Tag Archives: Beta sheet

Maybe the backbone is more important than the side chains

I’m really embarrassed that I was unaware of the following work on protein design from Japan. Apparently, they were able to design proteins stable at 100 Centigrade using a methodology of which I was completely in the dark (N. Koga et al., Principles for designing ideal protein structures. Nature 491, 222–227 (2012), Y. R. Lin et al., Control over overall shape and size in de novo designed proteins. Proc. Natl. Acad. Sci. U.S.A. 112, E5478–E5485 (2015)). I read those journals but must have skipped the articles — I’ll have to go back and have a look.

A recent article (PNAS 117 31149 – 31156 ’20) brought it to my attention. Here’s what they say they’ve done.

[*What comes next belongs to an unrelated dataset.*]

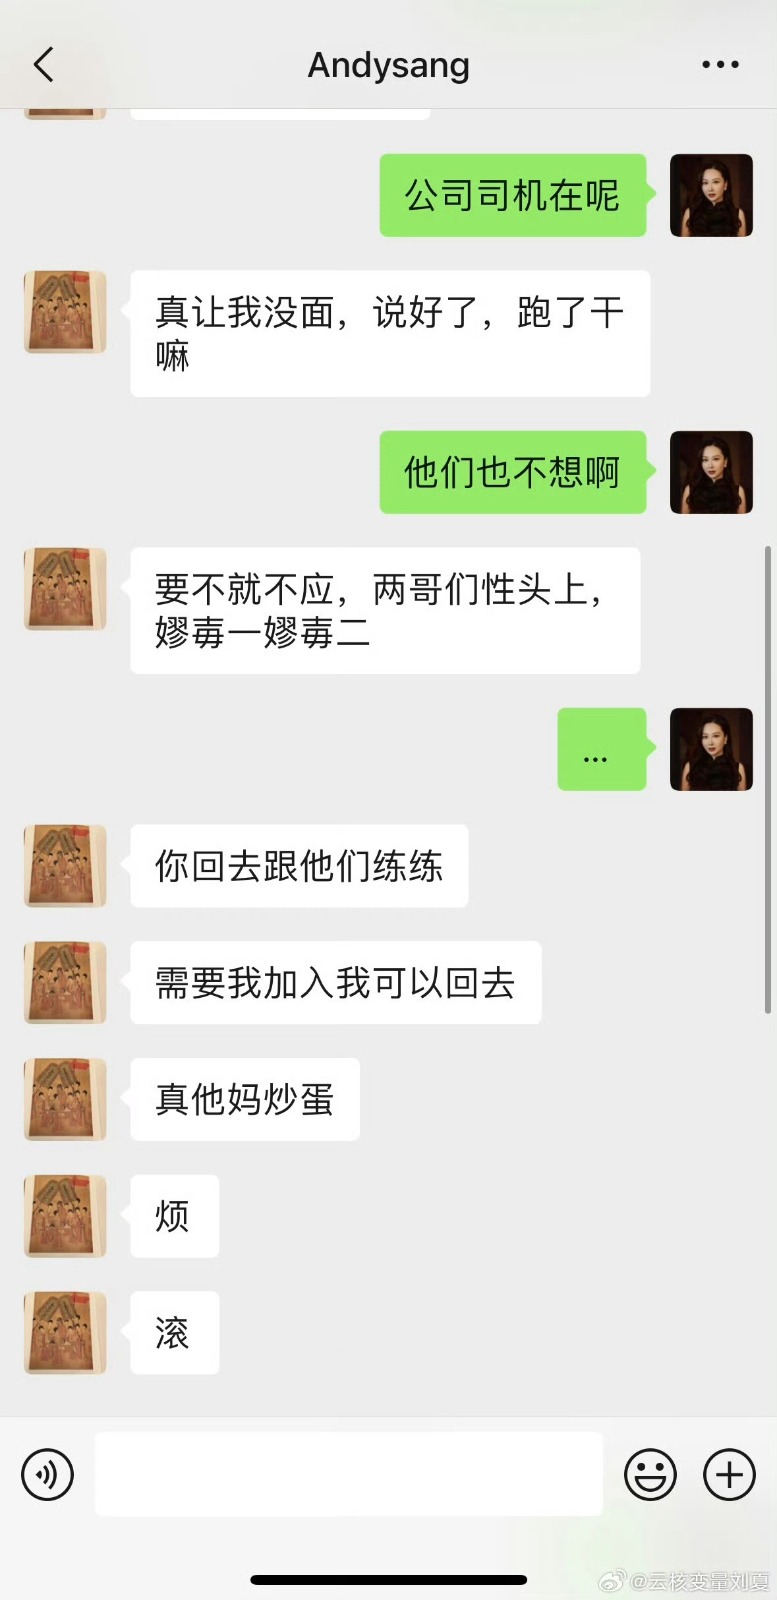 被曝光的聊天记录中，刘夏以「他们也不想」为由拒绝了。

“We proposed principles for designing ideal protein structures stabilized by completely consistent local and nonlocal interactions , based on a set of rules relating local backbone structures to preferred tertiary motifs (7, 10 — given above). These design rules describe the relation of the lengths or torsion patterns of two secondary structure elements and the connecting loop to favorable packing geometries . The design principles enable to encode strongly funneled energy landscapes into amino acid sequences, by the stabilization of folded structures (positive design) and by the destabilization of nonnative conformations (negative design) due to the restriction of folding conformational space by the rules”

Hard to believe but it works apparently. The paper also stands an idea about protein structure and stability on its head — the hydrophobic core of a compact protein, in this case a designed protein with a Rossmann fold (two pairs of alpha helices sandwiching a beta sheet is absolutely crucial to the ultimate 3 dimensional conformation of the protein backbone.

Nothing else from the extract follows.